Protect yourself and your family.  When facing charges for a domestic violence offense, consult with a qualified, experienced  criminal defense attorney.

About the Author

Slade Lawson

Slade A. Lawson is a career criminal defense attorney. He has worked in the defense of Arizona criminal cases for over 30 years and is certified by the State Bar of Arizona as a Specialist in Criminal Law.


Slade Lawson Reply

Posted Mar 29, 2016 at 14:22:49

In Arizona, a domestic violence relationship (as defined by Arizona Revised Statutes section 13-3601A) can exist in gay, lesbian, bisexual, transgender, and specific other types of relationships. The statute previously mentioned in specific to Arizona. Other states may have different definitions of what may qualify as “domestic violence”. Both males and females can experience domestic violence.

Slade Lawson Reply

Posted Mar 29, 2016 at 14:28:09

The above answer was posted in response to the following question:

Hello, thank you for sharing this article. I have a few questions… So does domestic violence happen in gay/lesbian/bisexual or transgender relationships? and does this differ in every state?

Also, can men experience domestic violence?
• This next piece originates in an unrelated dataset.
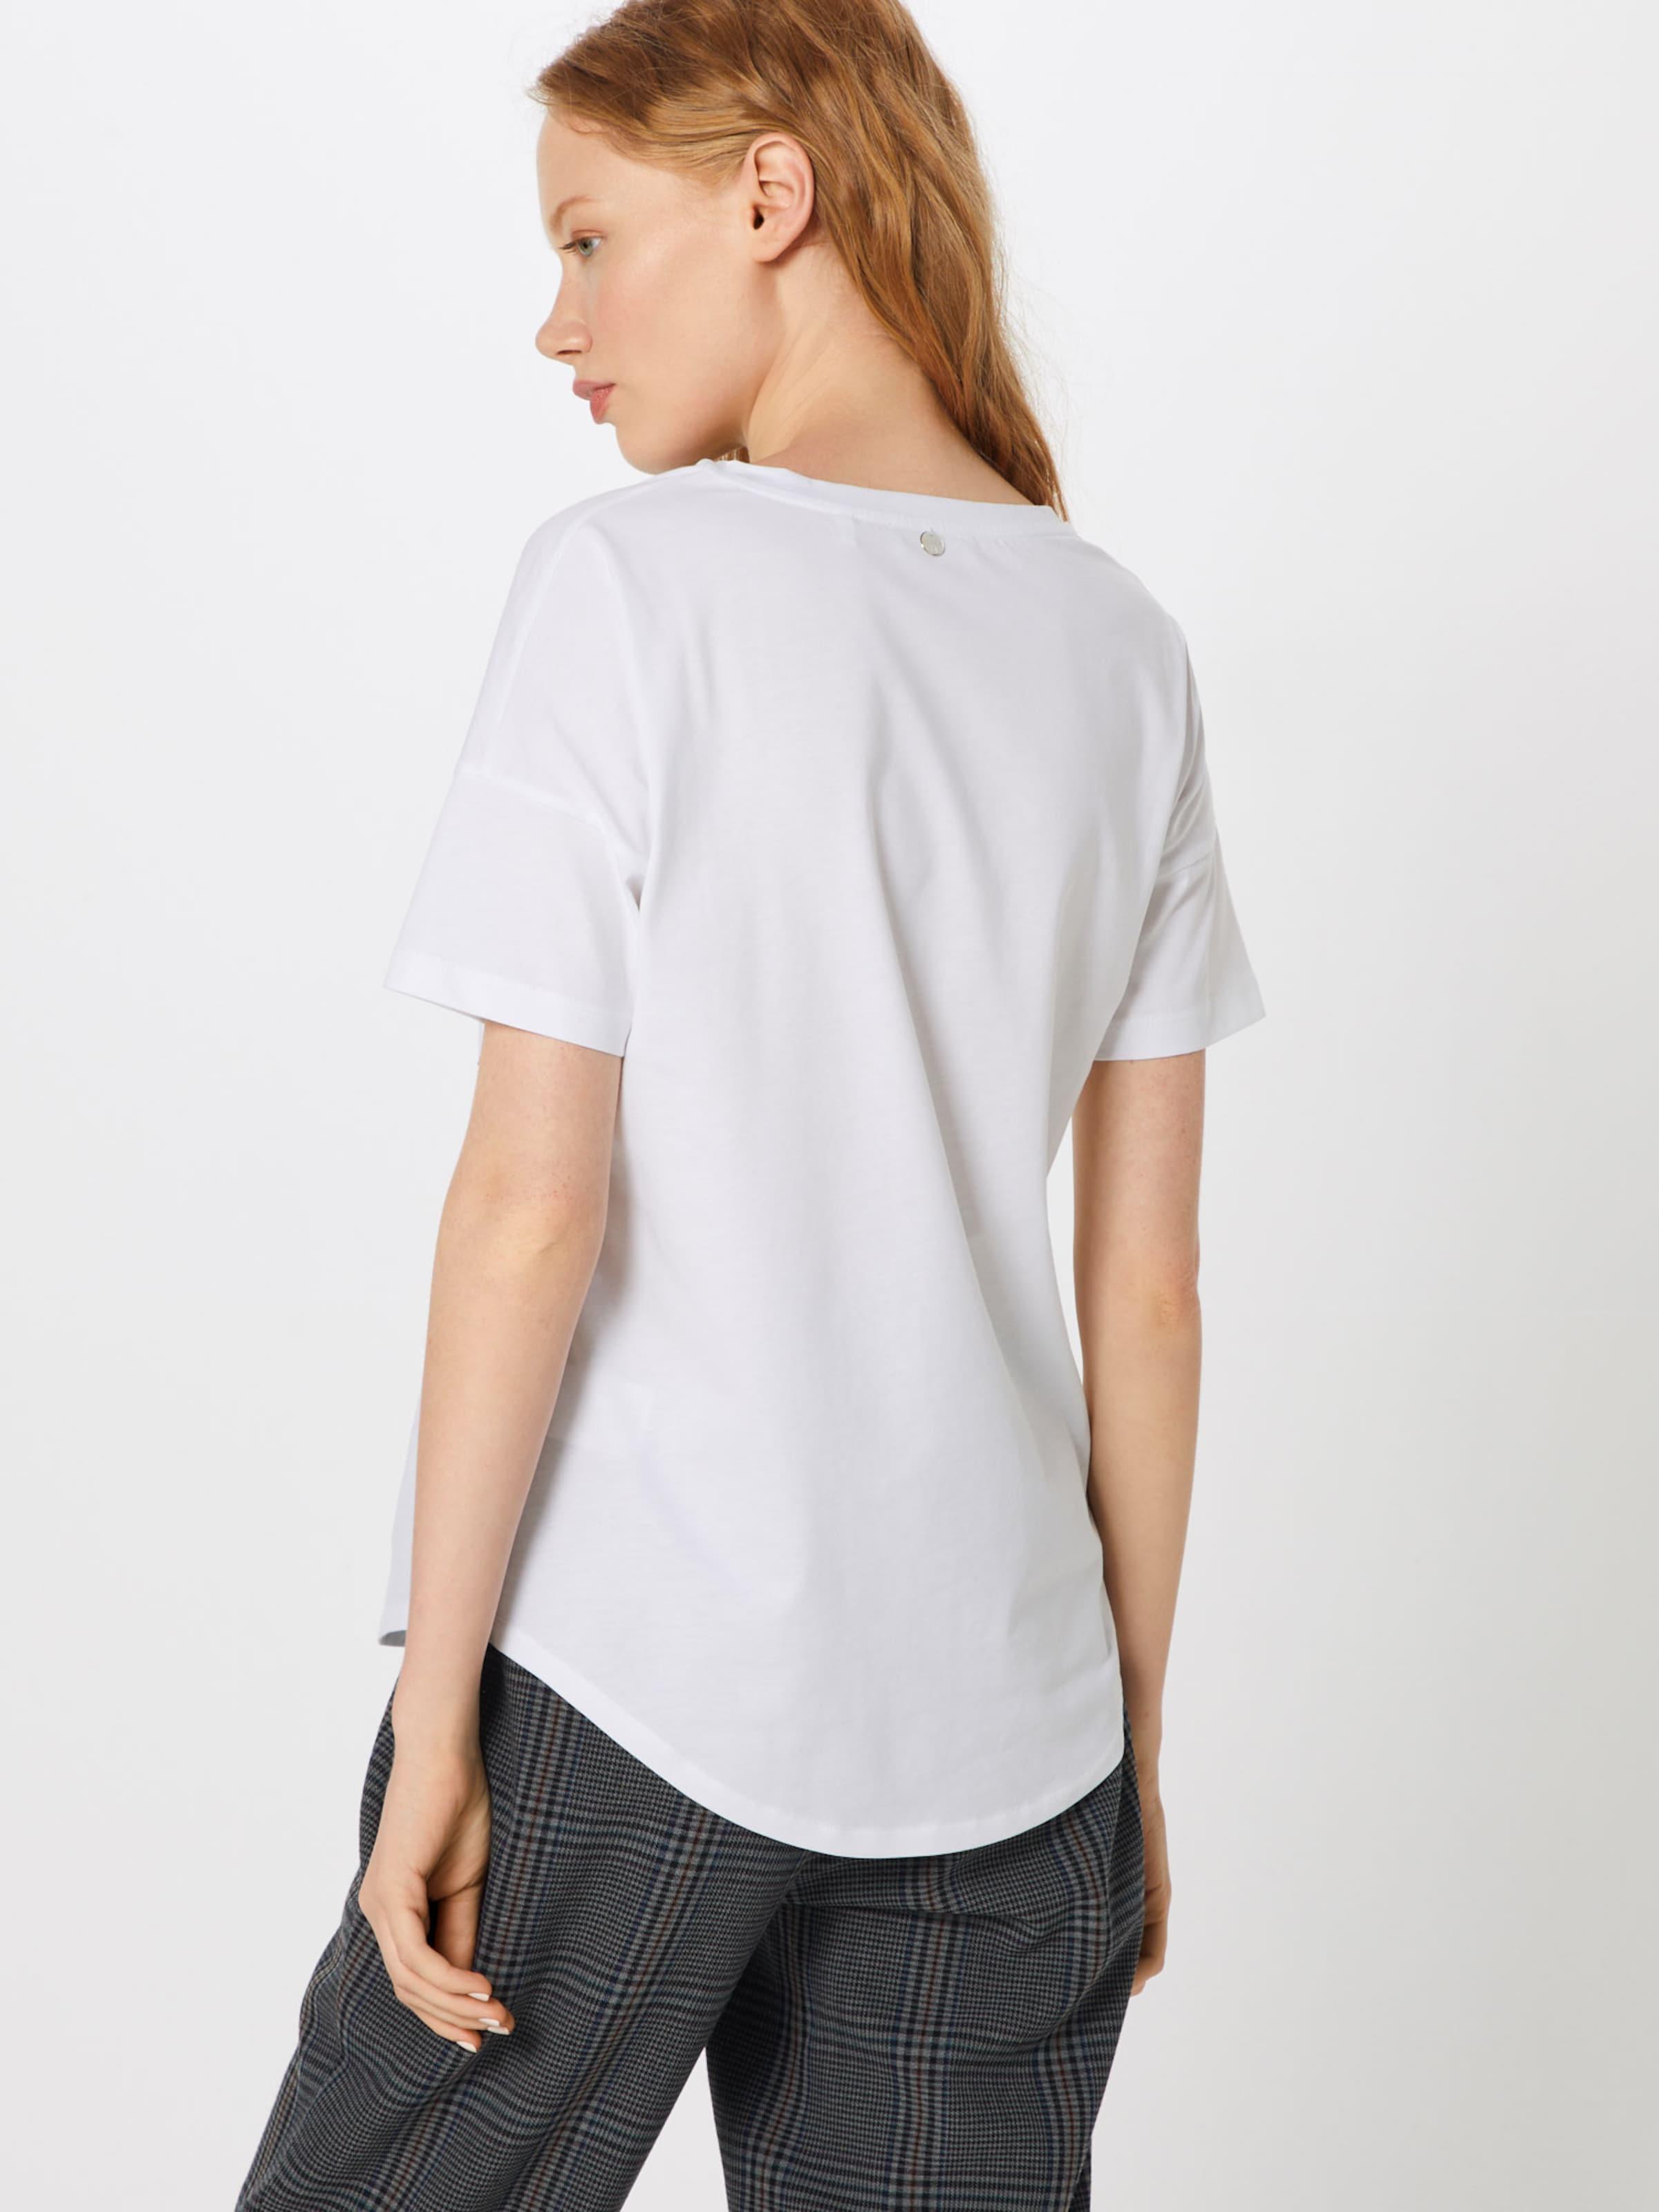 SchwarzWeiß shirt Royal T In Richamp; XOTwkuZPil

Thank you and I hope to hear from you soon.

Slade Lawson Reply

Posted Jul 01, 2017 at 07:31:09

Yes. There are several types of domestic violence charges that don’t necessarily require the defendant and the alleged victim to be in the same place when the offense occurs. Also, it is very common for a person to be charged with a domestic violence offense even if they weren’t there when the police arrived.